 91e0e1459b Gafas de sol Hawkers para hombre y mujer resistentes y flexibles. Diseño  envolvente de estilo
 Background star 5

---

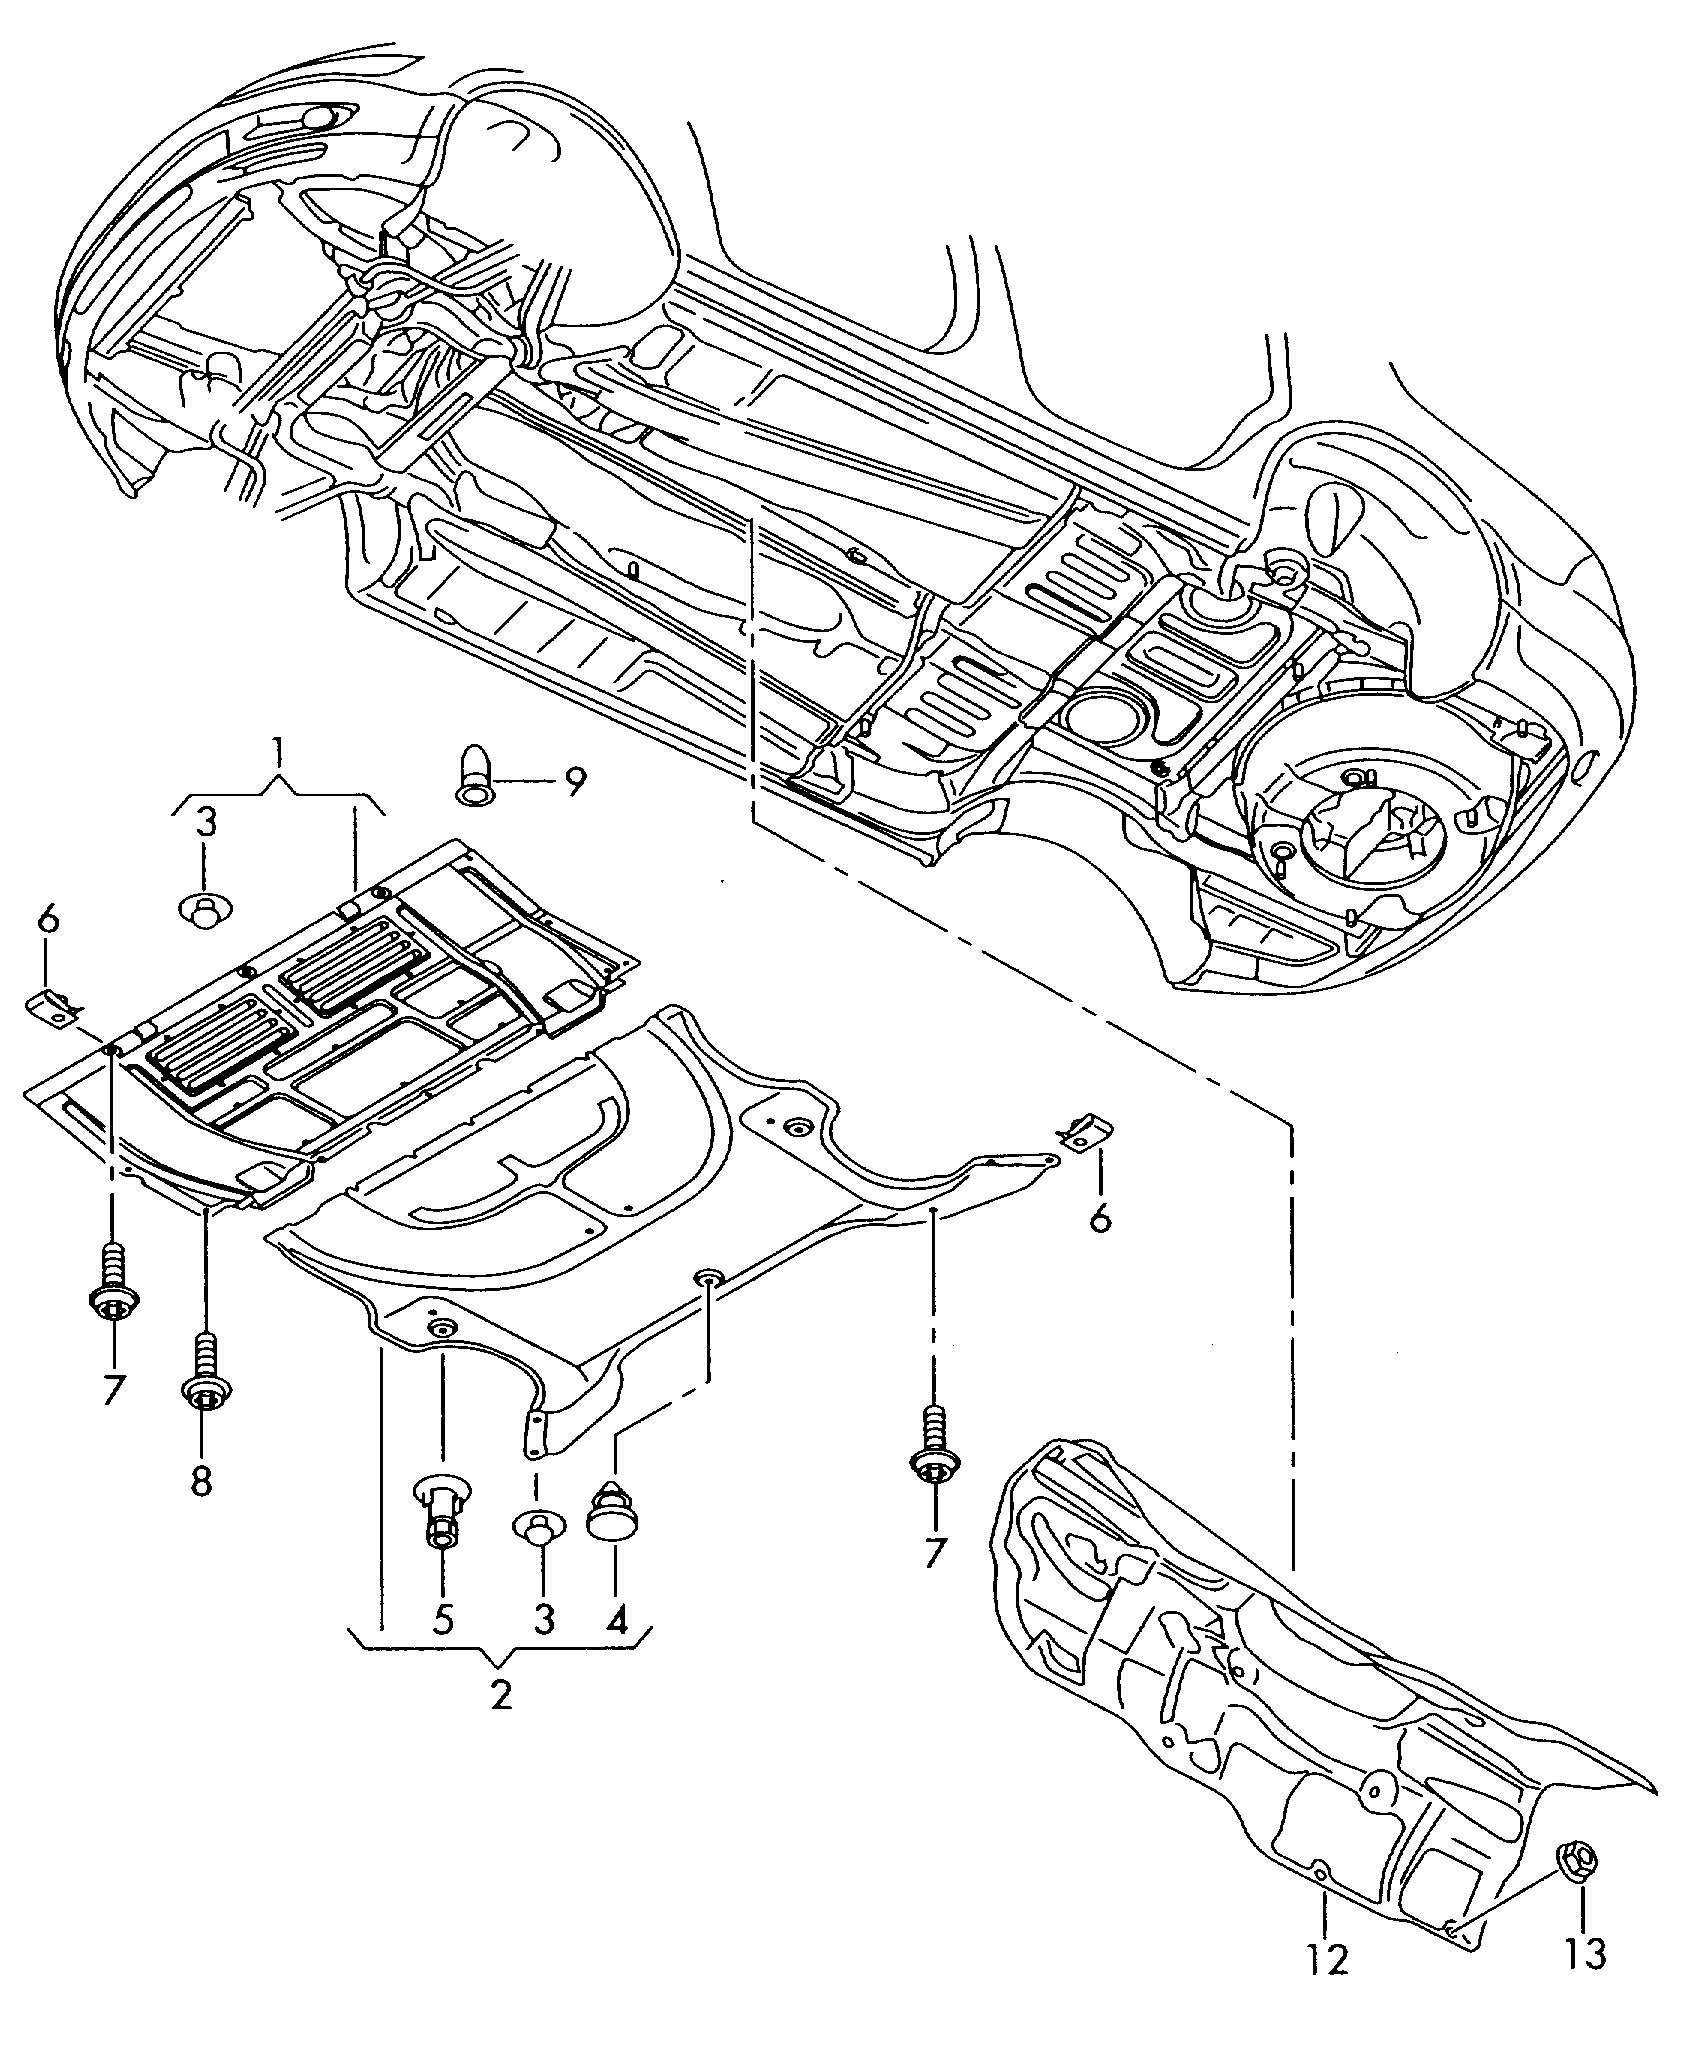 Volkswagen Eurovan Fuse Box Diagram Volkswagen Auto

==

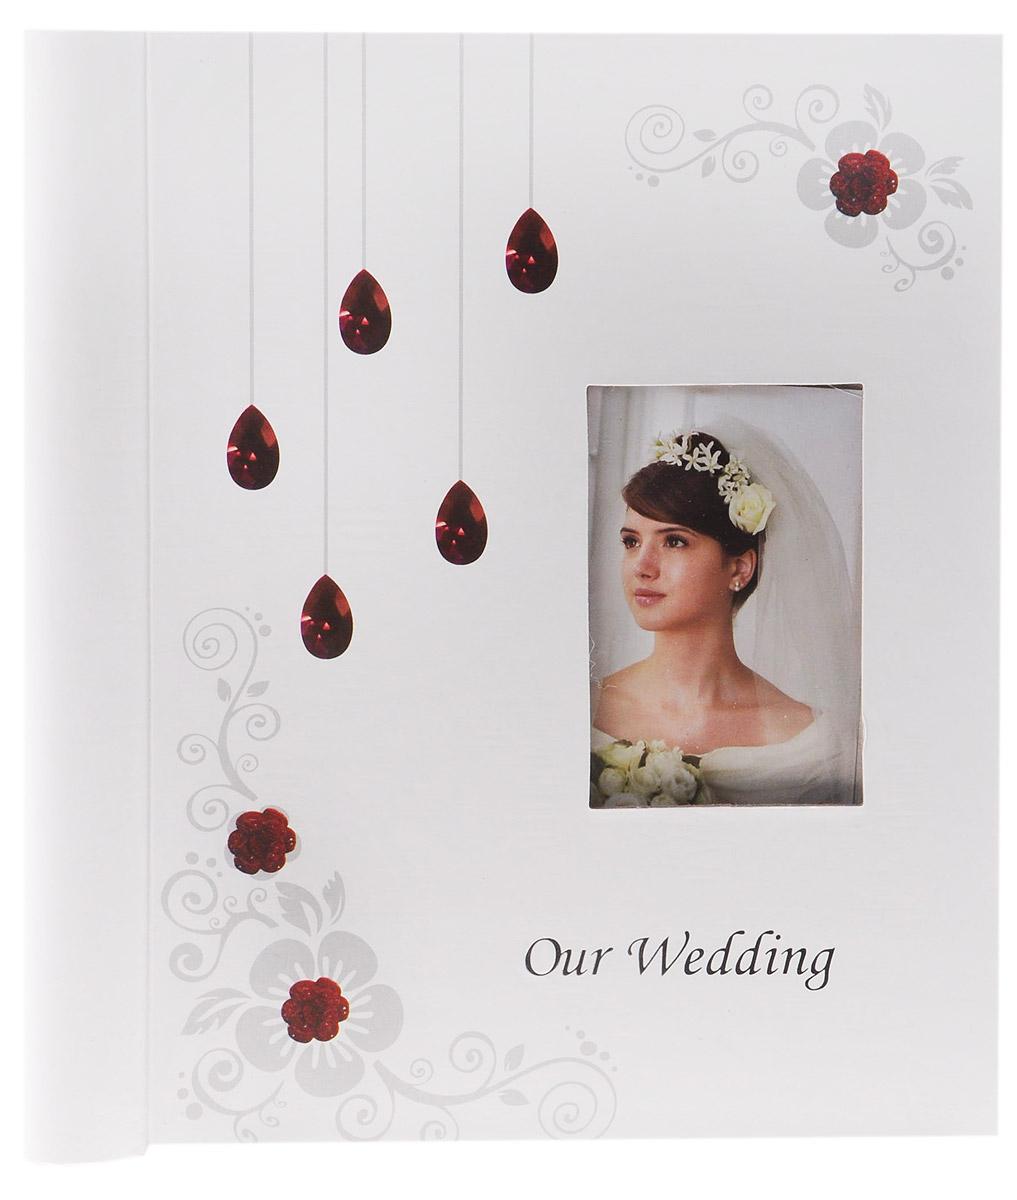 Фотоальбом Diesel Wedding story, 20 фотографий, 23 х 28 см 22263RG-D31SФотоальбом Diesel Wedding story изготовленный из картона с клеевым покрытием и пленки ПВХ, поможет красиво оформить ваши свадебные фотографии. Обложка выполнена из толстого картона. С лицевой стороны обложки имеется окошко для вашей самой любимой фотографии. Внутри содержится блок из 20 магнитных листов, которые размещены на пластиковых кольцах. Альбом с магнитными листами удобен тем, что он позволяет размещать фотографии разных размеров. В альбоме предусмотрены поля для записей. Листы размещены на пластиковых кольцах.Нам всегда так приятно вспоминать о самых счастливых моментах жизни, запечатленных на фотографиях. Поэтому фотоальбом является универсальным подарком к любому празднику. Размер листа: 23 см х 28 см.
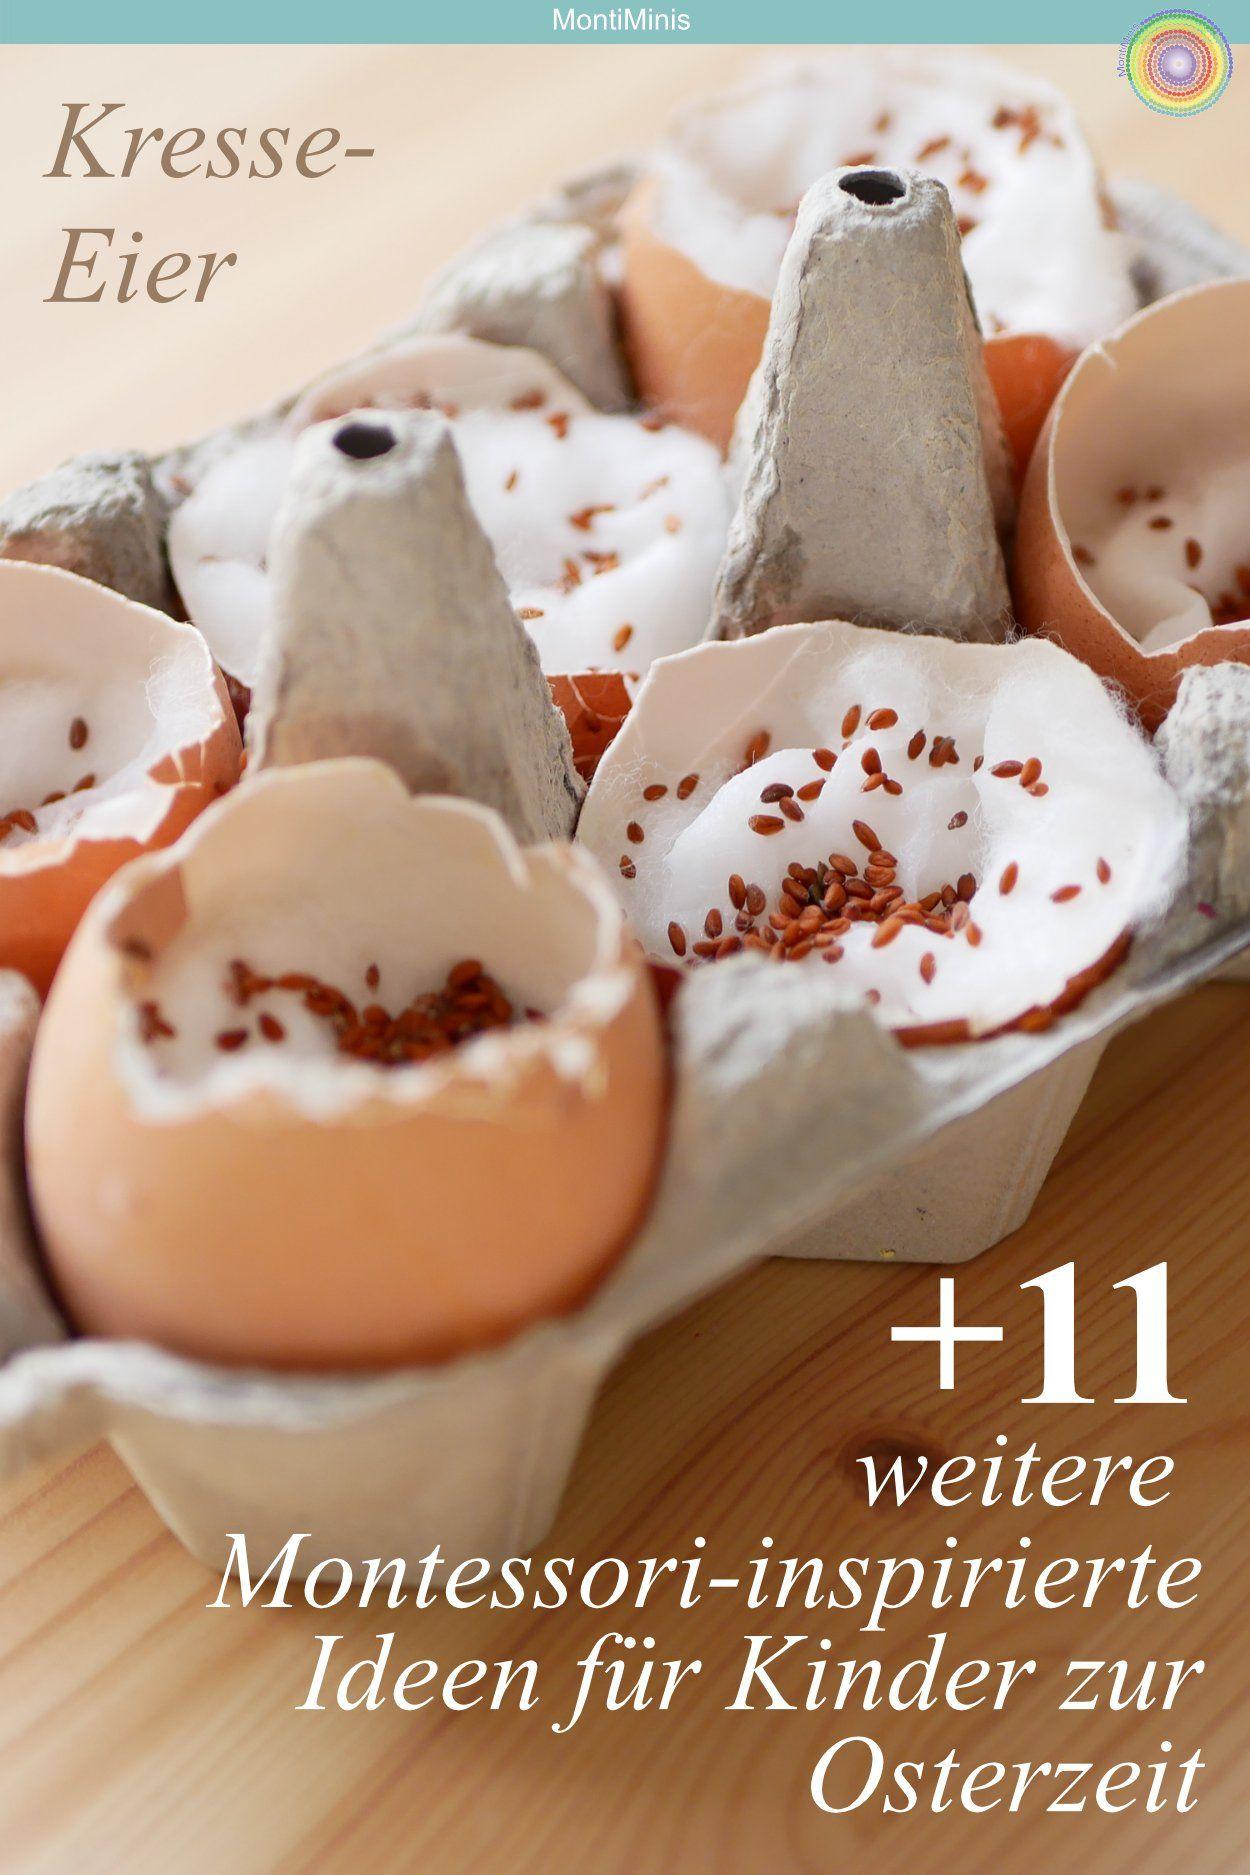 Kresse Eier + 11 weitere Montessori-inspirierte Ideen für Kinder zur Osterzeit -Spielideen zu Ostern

▸ THE PROBLEM
Please give back exactly the lines of this listing beginning at the line with "91e0e1459b Gafas de" and ending with the line with "Background star 5", both included, and nothing else.

▸ TASK ANSWER
 91e0e1459b Gafas de sol Hawkers para hombre y mujer resistentes y flexibles. Diseño  envolvente de estilo
 Background star 5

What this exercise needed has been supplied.